# Gun Season 10 pt.



## Lewis (Apr 5, 2004)

This buck was up for some late rutting activity. He came past my stand yesterday afternoon harassing a group of does. One shot from the Rem 870 and he went about 20 yards.


----------



## Lewis (Apr 5, 2004)

I'm liking the brow tines on this one.


----------



## Lundy (Apr 5, 2004)

Nice buck Lewis!


----------



## squidlips2020 (Jul 3, 2012)

Yeah those are nice brow times. Congrats nice buck!
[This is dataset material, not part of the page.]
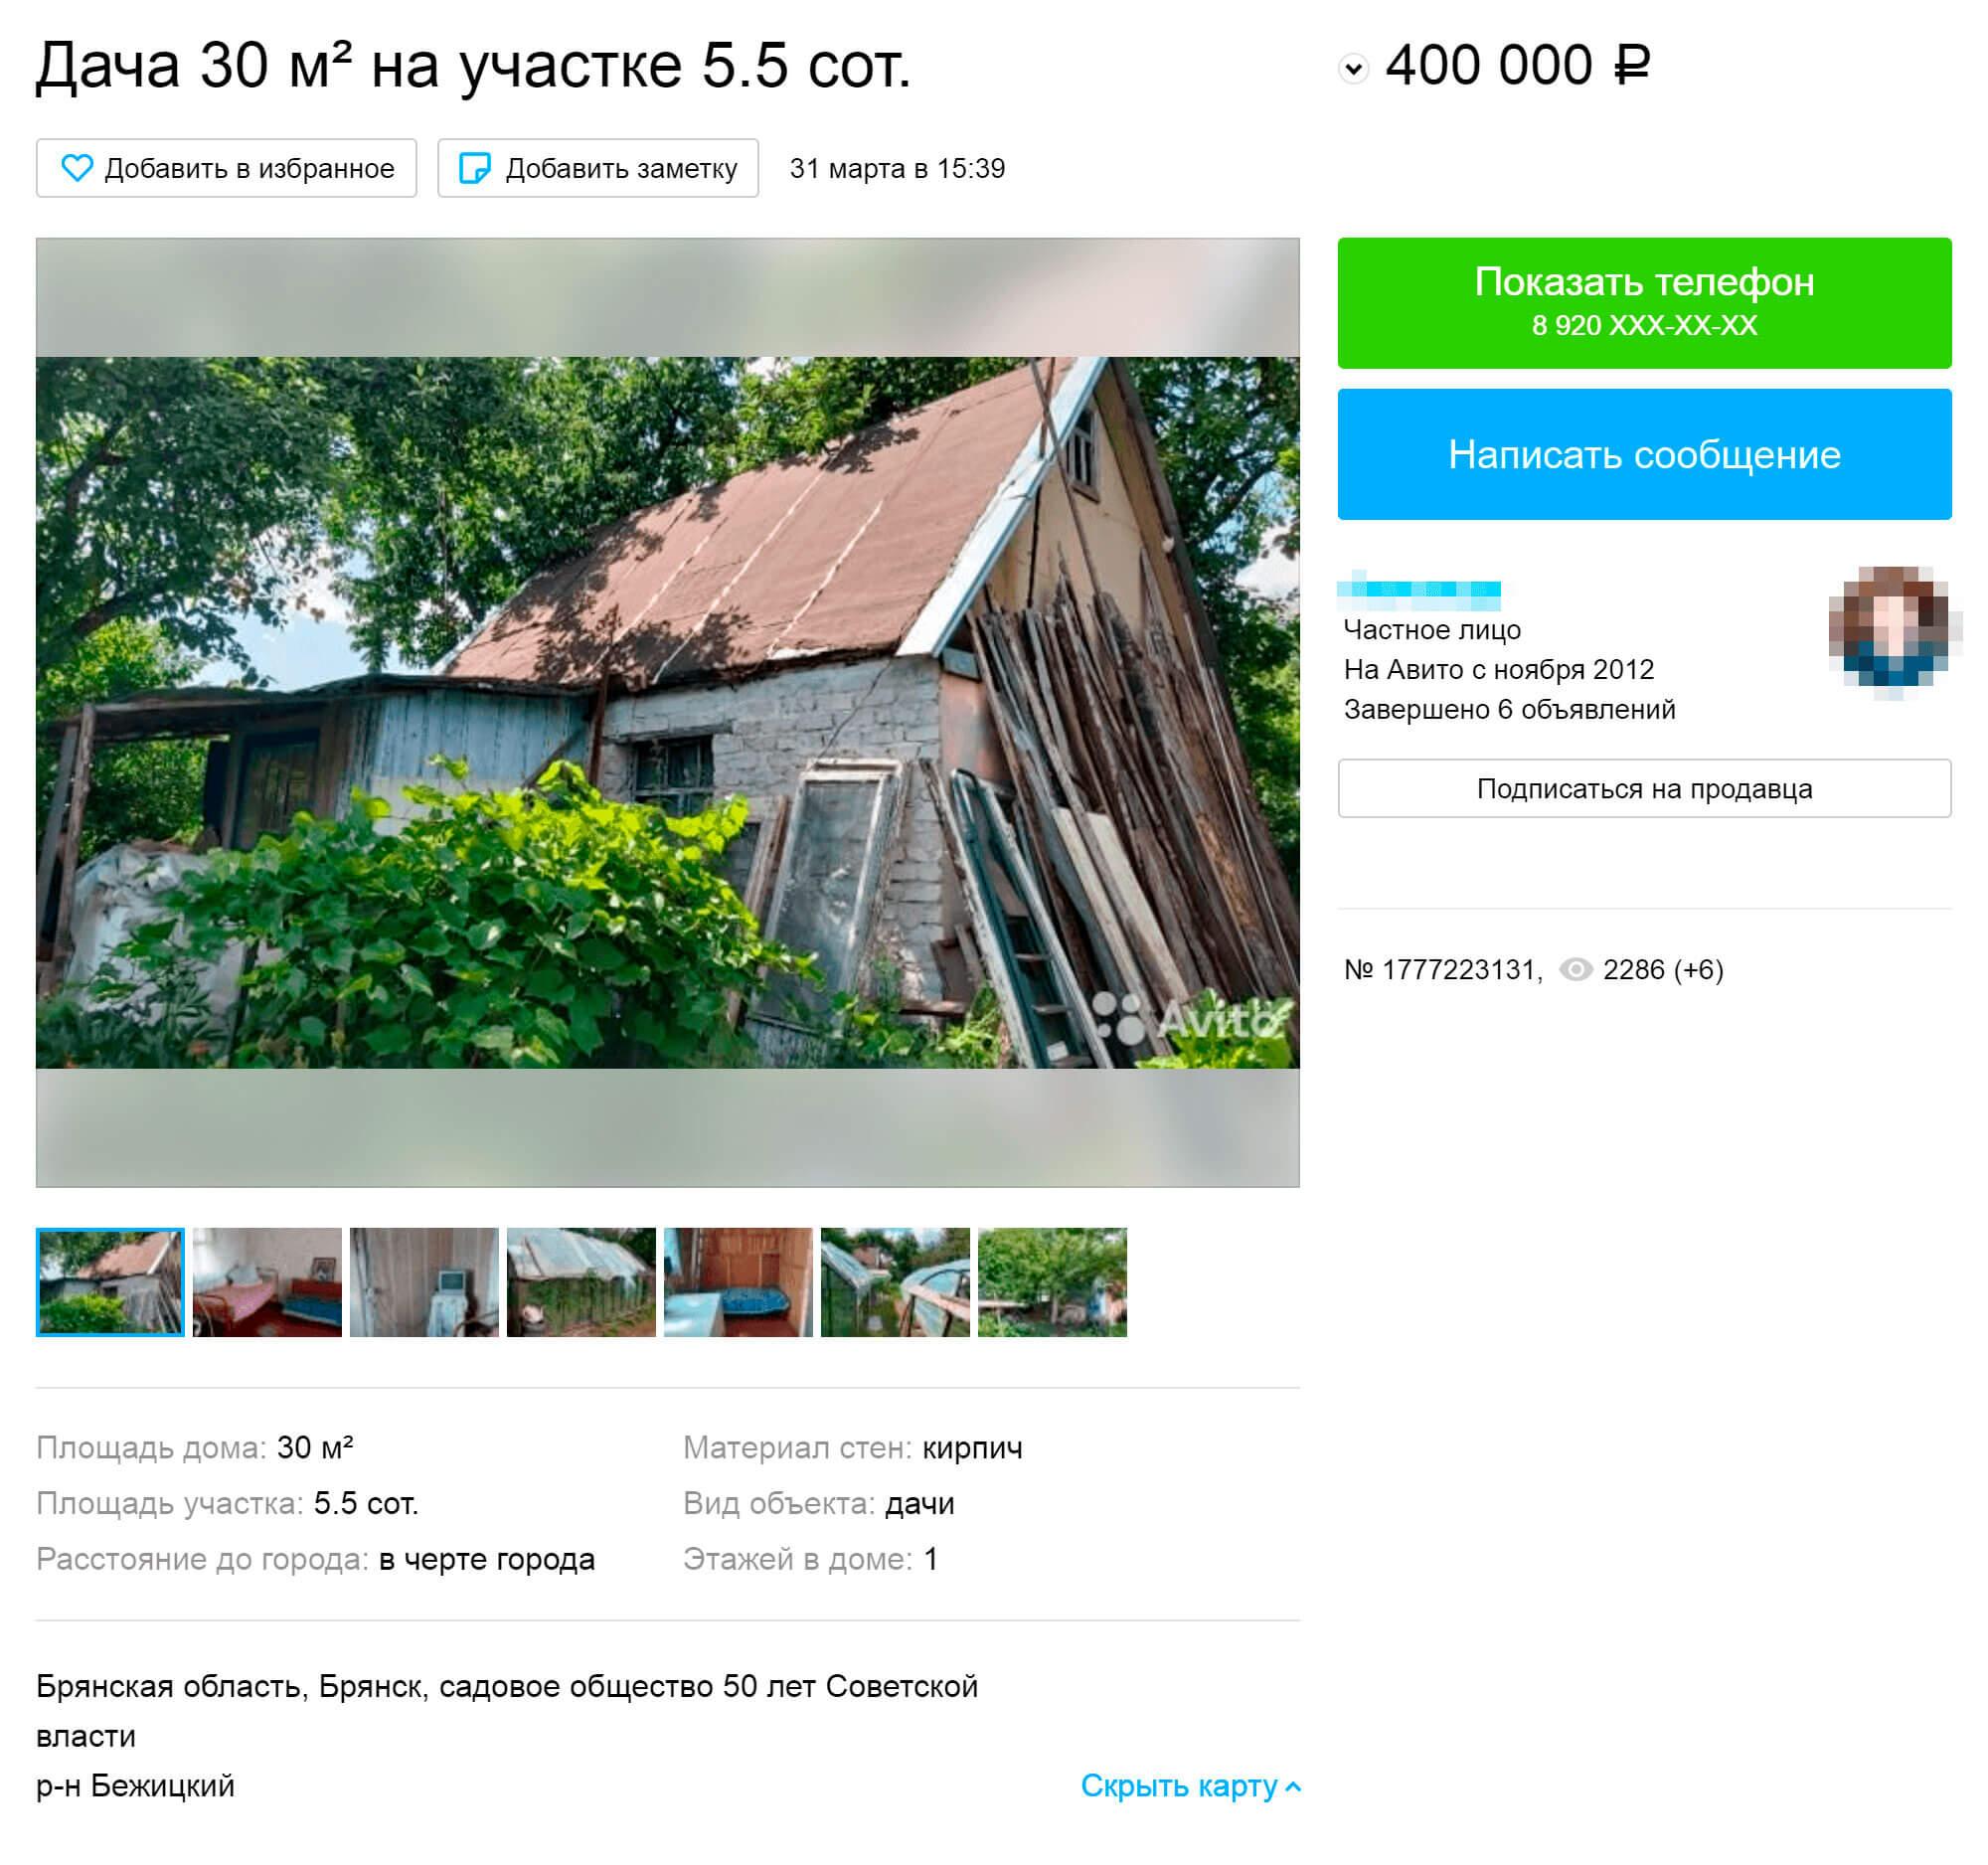 Дом на окраине Бежицкого района стоит 400 тысяч. Подобные объявления висят на сайтах месяцами
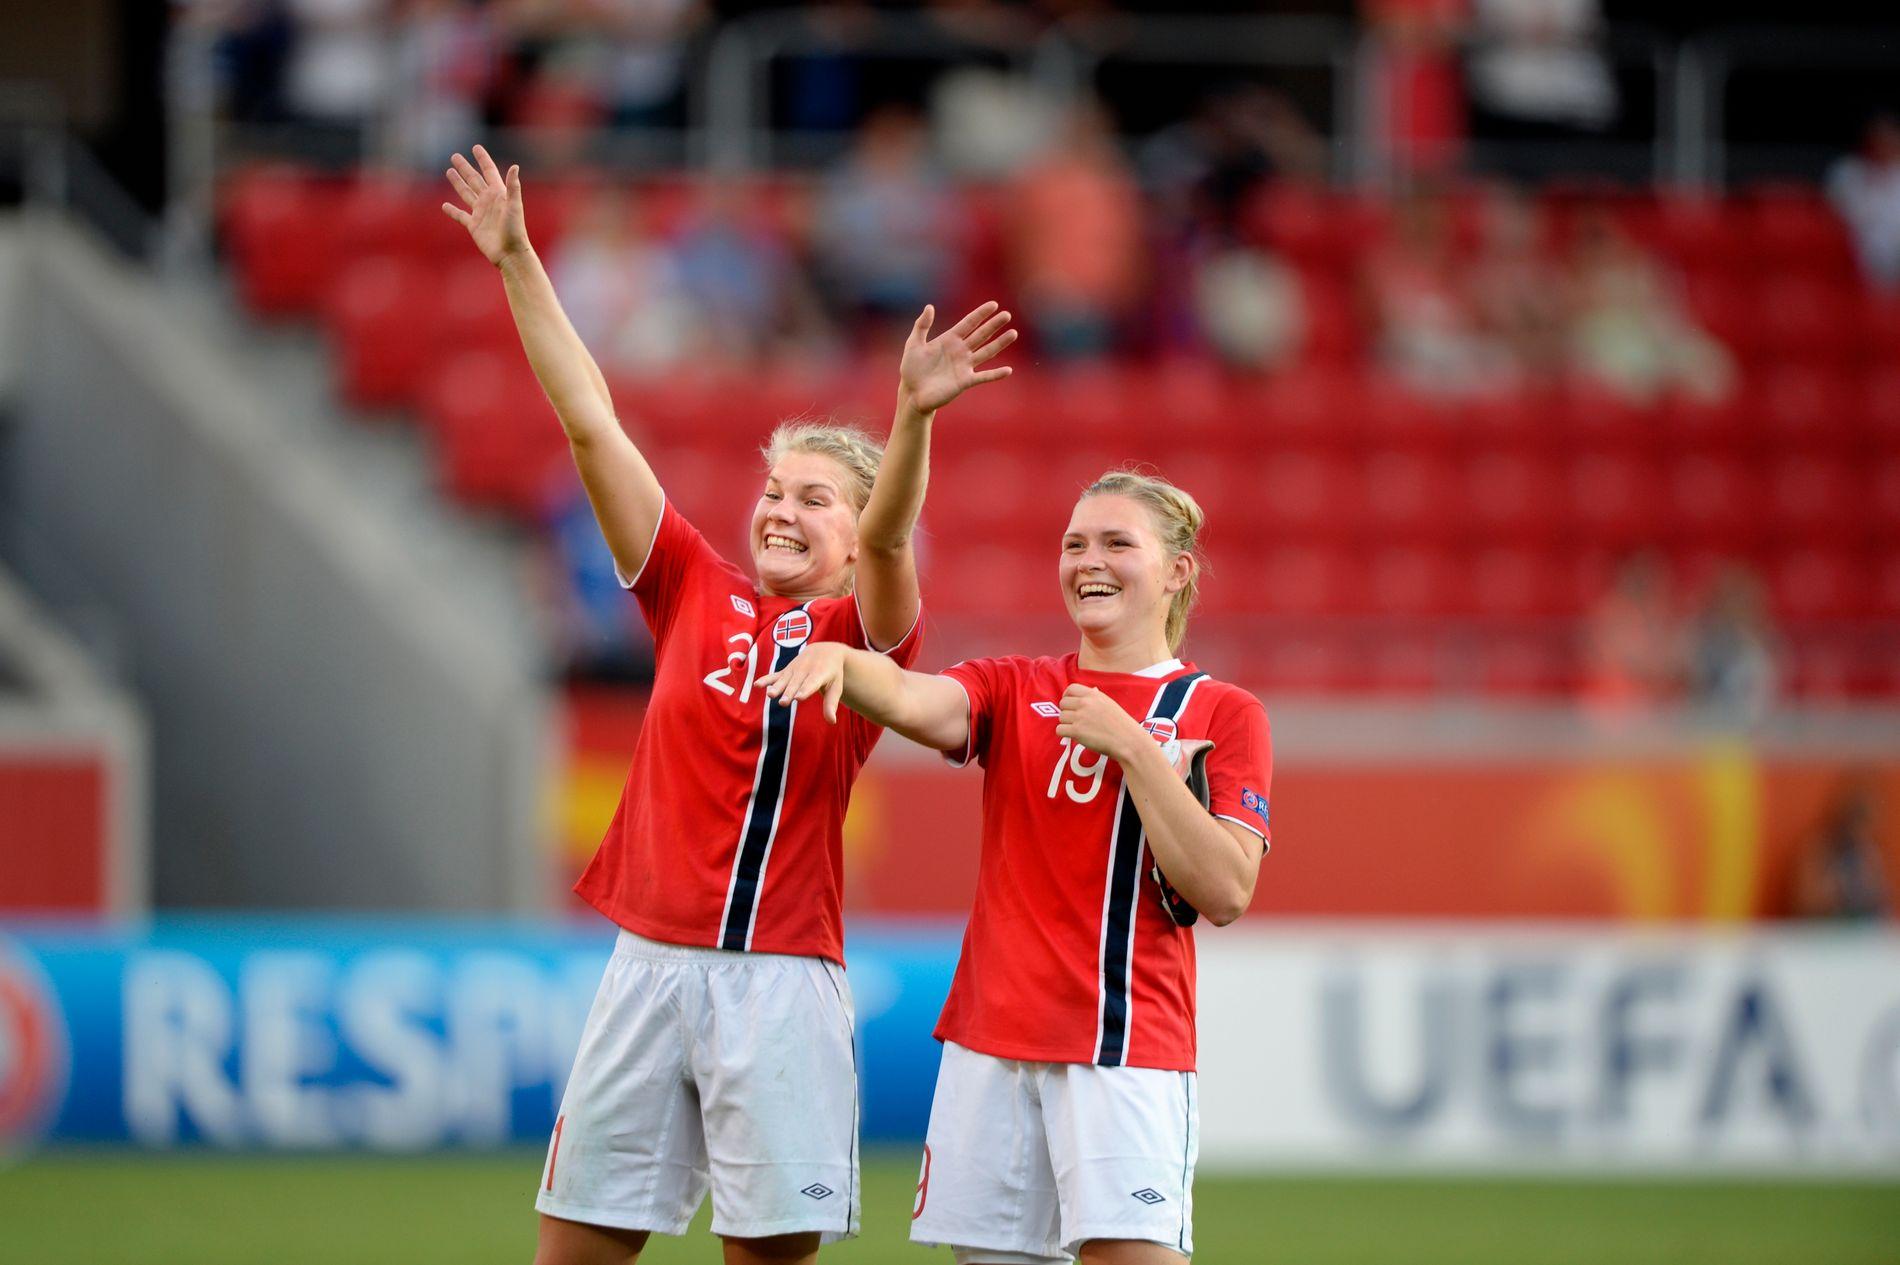 2013: Ada Hegerberg og Ingvild Isaksen jubler for seier mot Tyskland i EM i 2013. Siden har Hegerberg sagt nei til Norge, mens Isaksen har lagt opp.

Sent from my iPhone using Ohub Campfire


----------



## jonnythfisherteen2 (Mar 5, 2011)

Nice buck! I like your garage. Im amazed that theres no blood on the floor.


----------



## Fisherman 3234 (Sep 8, 2008)

Awesome Buck for sure!!! Congratulations!!!


----------



## lonewolf (Mar 4, 2010)

Nice buck!! Love the character


----------



## Bulldog1149 (Feb 26, 2006)

Good brow tines on that guy. Congrats. 


Posted using Outdoor Hub Campfire


----------



## canoe carp killer (Apr 2, 2014)

Great buck!!


Sent from my iPhone using Ohub Campfire


----------



## James F (Jul 2, 2005)

He won't be harassing does anymore! Nice.:!


----------



## Shortdrift (Apr 5, 2004)

Nice buck Lewis. Will be a nice addition to the others on the wall.


----------



## fastwater (Apr 1, 2014)

Nice buck. Like the brow tines as well. 

Congrats to ya!


----------



## Lewis (Apr 5, 2004)

Thanks all! Finally got the field photo to load. Representing OGF with the tobogan...lol


----------



## idontknow316 (Mar 21, 2008)

Nice deer!


----------



## lomssl (Mar 25, 2006)

Beautiful buck!!!:woot:


----------